I have a struct (Thing) with some inner state (xs). A Thing should be created with Thing::new and then started, after which the user should choose to call some other function like get_xs.
But! In start 2 threads are spawned which call other methods on the Thing instance that could mutate its inner state (say, add elements to xs), so they need a reference to self (hence the Arc).

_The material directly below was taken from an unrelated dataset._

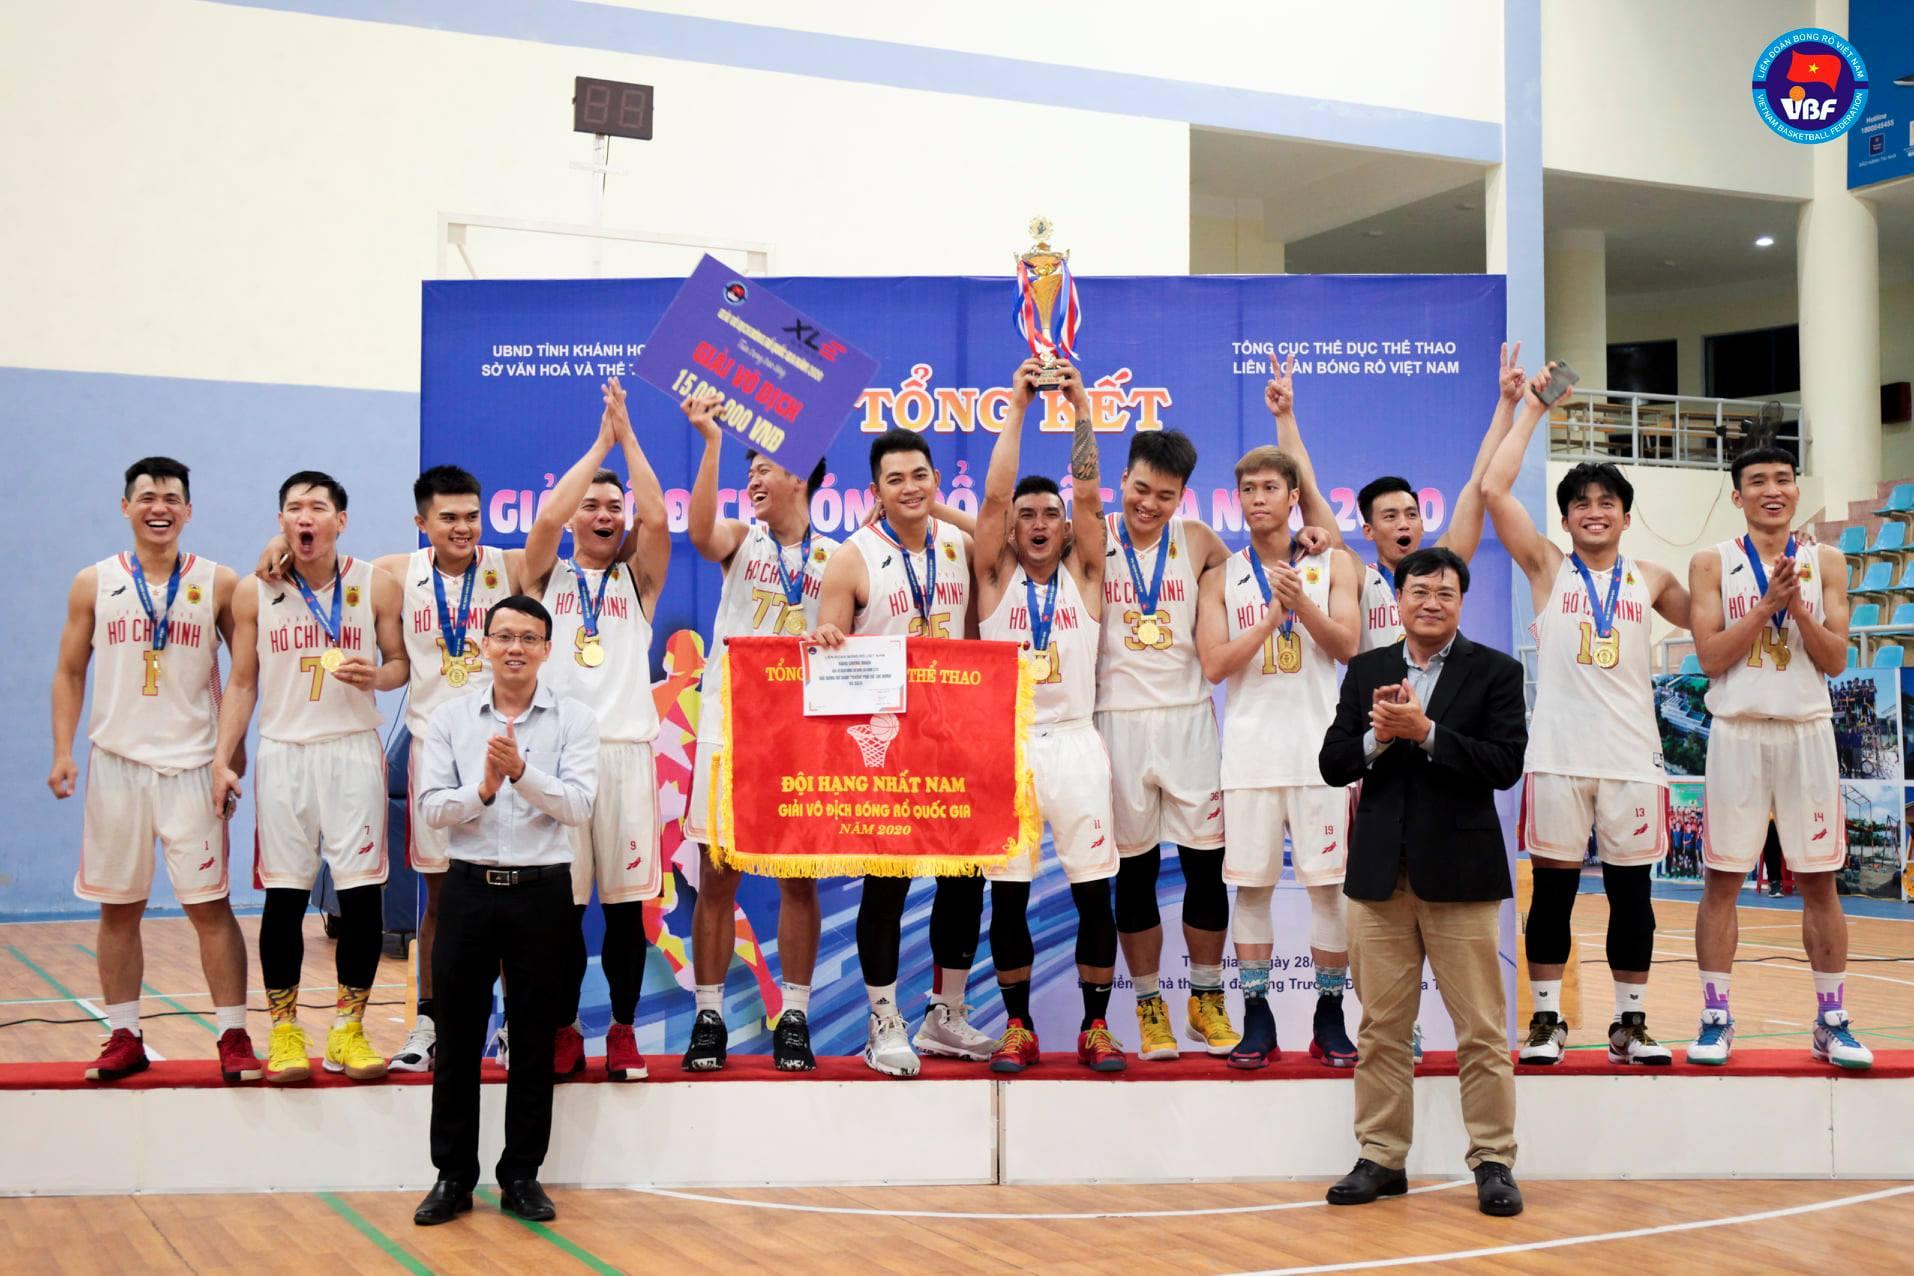 Hình ảnh: TP.HCM thống trị giải vô địch bóng rổ quốc gia năm 2020 số 1

However, this causes a lifetime conflict:
error[E0495]: cannot infer an appropriate lifetime due to conflicting requirements
--> src/main.rs:18:30
|
18 | let self1 = Arc::new(self);
| ^^^^
|
note: first, the lifetime cannot outlive the anonymous lifetime #1 defined
on the method body at 17:5...
--> src/main.rs:17:5
|
17 | / fn start(&self) -> io::Result<Vec<JoinHandle<()>>> {
18 | | let self1 = Arc::new(self);
19 | | let self2 = self1.clone();
20 | |
... |
33 | | Ok(vec![handle1, handle2])
34 | | }
| |_____^
note: ...so that expression is assignable (expected &Thing, found &Thing)
--> src/main.rs:18:30
|
18 | let self1 = Arc::new(self);
| ^^^^
= note: but, the lifetime must be valid for the static lifetime...
note: ...so that the type `[closure#src/main.rs:23:20: 25:14
self1:std::sync::Arc<&Thing>]` will meet its required lifetime bounds
--> src/main.rs:23:14
|
23 | .spawn(move || loop {
| ^^^^^
Is there a way of spawning the state-mutating threads and still give back ownership of thing after running start to the code that's using it?
use std::io;
use std::sync::{Arc, LockResult, RwLock, RwLockReadGuard};
use std::thread::{Builder, JoinHandle};
struct Thing {
xs: RwLock<Vec<String>>
}
impl Thing {
fn new() -> Thing {
Thing {
xs: RwLock::new(Vec::new()),
}
}
fn start(&self) -> io::Result<Vec<JoinHandle<()>>> {
let self1 = Arc::new(self);
let self2 = self1.clone();
let handle1 = Builder::new()
.name("thread1".to_owned())
.spawn(move || loop {
self1.do_within_thread1();
})?;
let handle2 = Builder::new()
.name("thread2".to_owned())
.spawn(move || loop {
self2.do_within_thread2();
})?;
Ok(vec![handle1, handle2])
}
fn get_xs(&self) -> LockResult<RwLockReadGuard<Vec<String>>> {
return self.xs.read();
}
fn do_within_thread1(&self) {
// read and potentially mutate self.xs
}
fn do_within_thread2(&self) {
// read and potentially mutate self.xs
}
}
fn main() {
let thing = Thing::new();
let handles = match thing.start() {
Ok(hs) => hs,
_ => panic!("Error"),
};
thing.get_xs();
for handle in handles {
handle.join();
}
}
The error message says that the value passed to the Arc must live the 'static lifetime. This is because spawning a thread, be it with std::thread::spawn or std::thread::Builder, requires the passed closure to live this lifetime, thus enabling the thread to "live freely" beyond the scope of the spawning thread.
Let us expand the prototype of the start method:
fn start<'a>(&'a self: &'a Thing) -> io::Result<Vec<JoinHandle<()>>> { ... }
The attempt of putting a &'a self into an Arc creates an Arc<&'a Thing>, which is still constrained to the lifetime 'a, and so cannot be moved to a closure that needs to live longer than that. Since we cannot move out &self either, the solution is not to use &self for this method. Instead, we can make start accept an Arc directly:
fn start(thing: Arc<Self>) -> io::Result<Vec<JoinHandle<()>>> {
let self1 = thing.clone();
let self2 = thing;
let handle1 = Builder::new()
.name("thread1".to_owned())
.spawn(move || loop {
self1.do_within_thread1();
})?;
let handle2 = Builder::new()
.name("thread2".to_owned())
.spawn(move || loop {
self2.do_within_thread2();
})?;
Ok(vec![handle1, handle2])
}
And pass reference-counted pointers at the consumer's scope:
let thing = Arc::new(Thing::new());
let handles = Thing::start(thing.clone()).unwrap_or_else(|_| panic!("Error"));
thing.get_xs().unwrap();
for handle in handles {
handle.join().unwrap();
}
Playground. At this point the program will compile and run (although the workers are in an infinite loop, so the playground will kill the process after the timeout).